Chilli is an indispensable food item in the daily life of humans but it is affected by many insects, so various pesticides, including spiromesifen, are applied to chilli crops to protect this crop from insect infestation. However, the use of pesticides poses environmental and health issues. These issues have raised the demand for pesticide-free chillies among consumers.
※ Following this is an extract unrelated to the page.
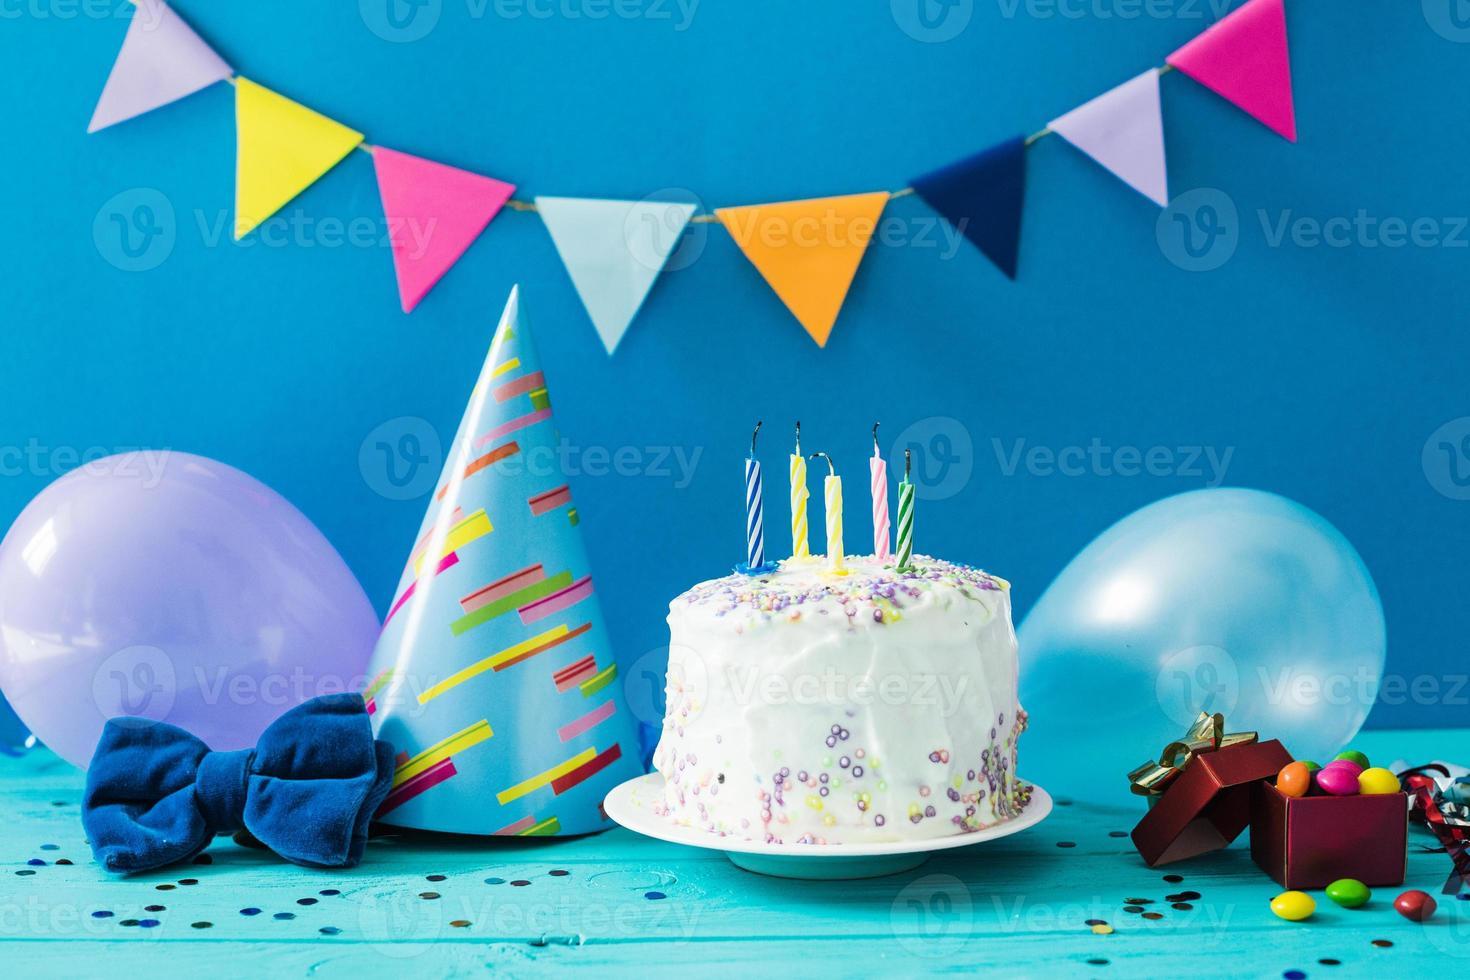 hausgemachte Dessert Party Zeug auf blauem Hintergrund foto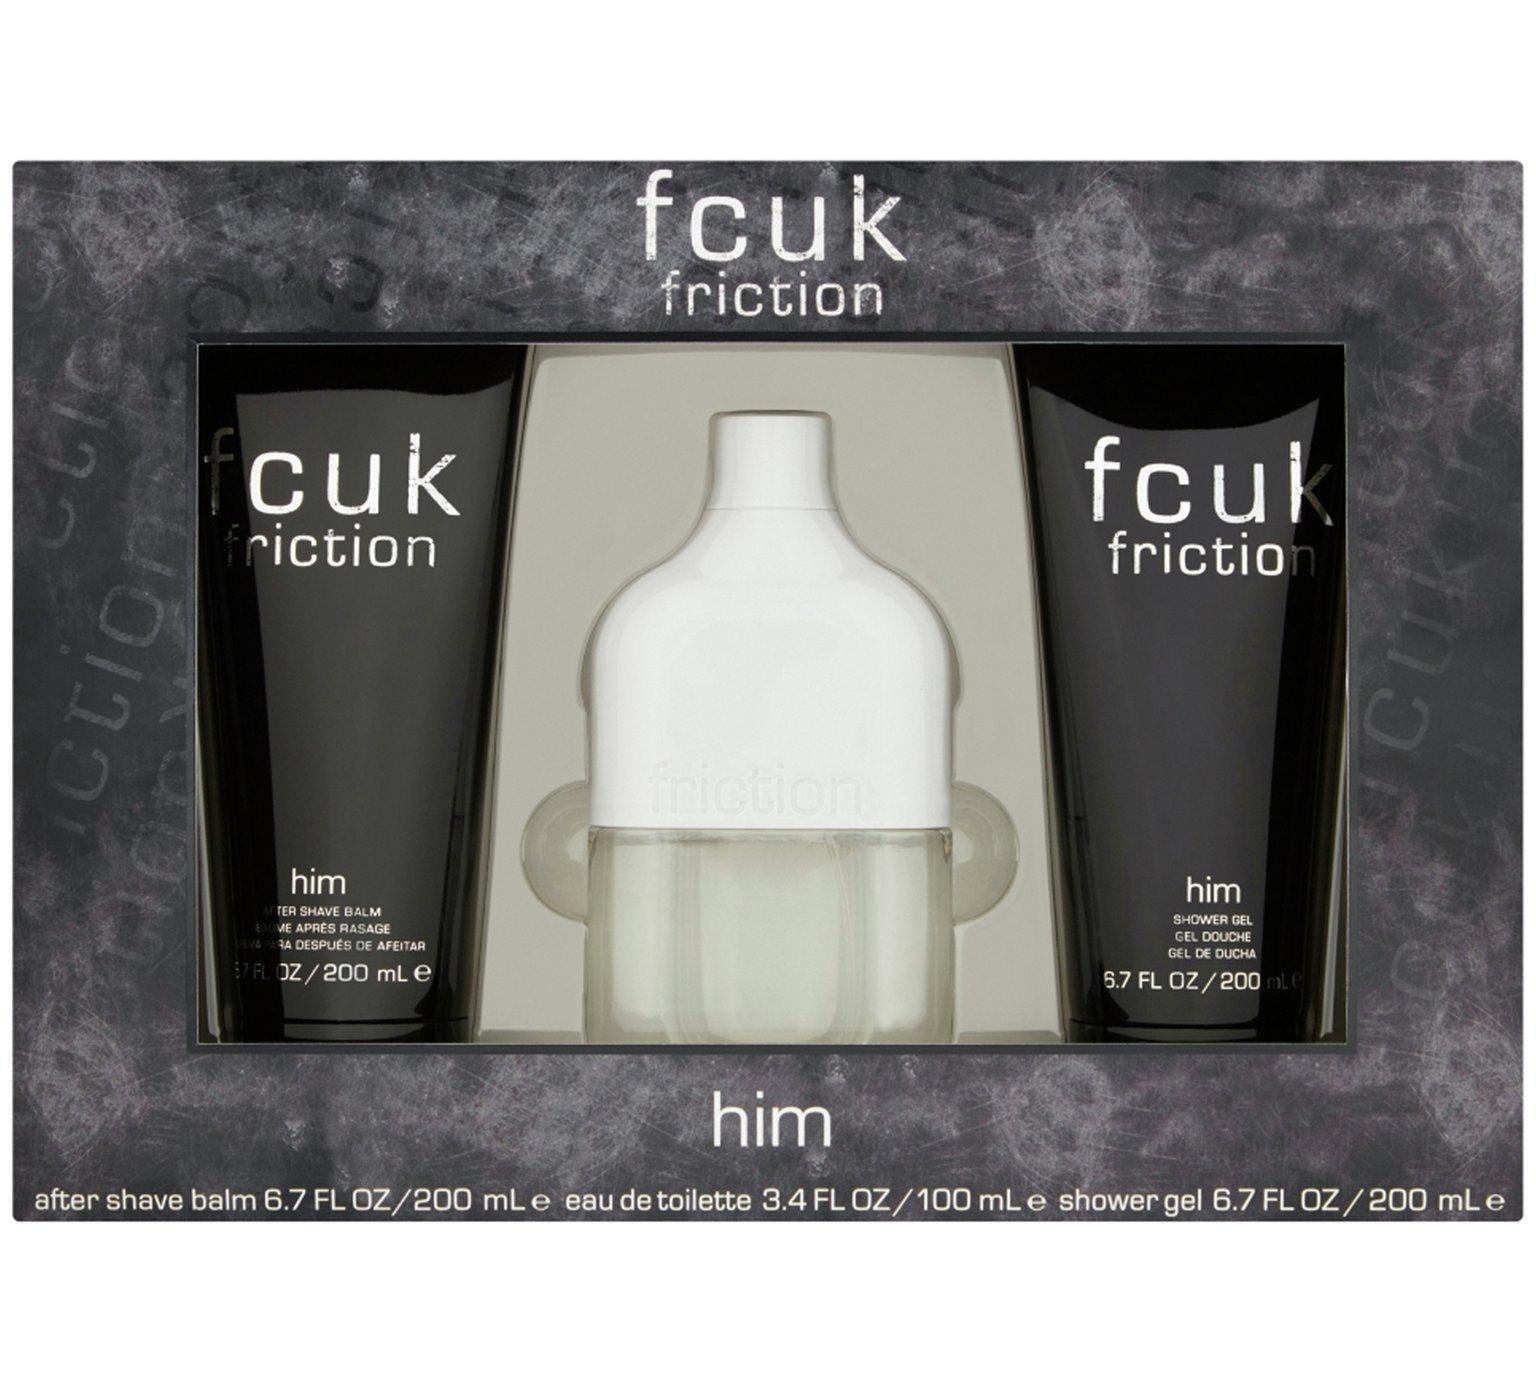 FCUK Friction Eau de Toilette for Men Gift Set - Includes 100ml EDT £14.99 @ Argos

The primary aim of this study was to assess the efficacy of various decontamination methods in removing spiromesifen residues from chilli fruits. A randomized block design was employed to conduct a supervised field experiment at the Rajasthan Agricultural Research Institute in Durgapura, Jaipur, India. The samples of chillies treated with pesticides are subjected to seven different homemade techniques. The samples were extracted using the QuEChERS method, known for its efficiency, affordability, simplicity, robustness, and safety. The analysis of spiromesifen residues was conducted using gas chromatography (GC) equipped with an electron capture detector (ECD), and the results were verified using gas chromatography-mass spectrometry (GC-MS). Out of several decontamination methods, the lukewarm water treatment was more effective than any other decontamination method, which led to the highest elimination of spiromesifen residue, whereas rinsing with tap water eliminates the least amount of spiromesifen residue. So, the lukewarm water treatment is a safe, cost-effective, and eco-friendly approach to remove spiromesifen residues from Chilli.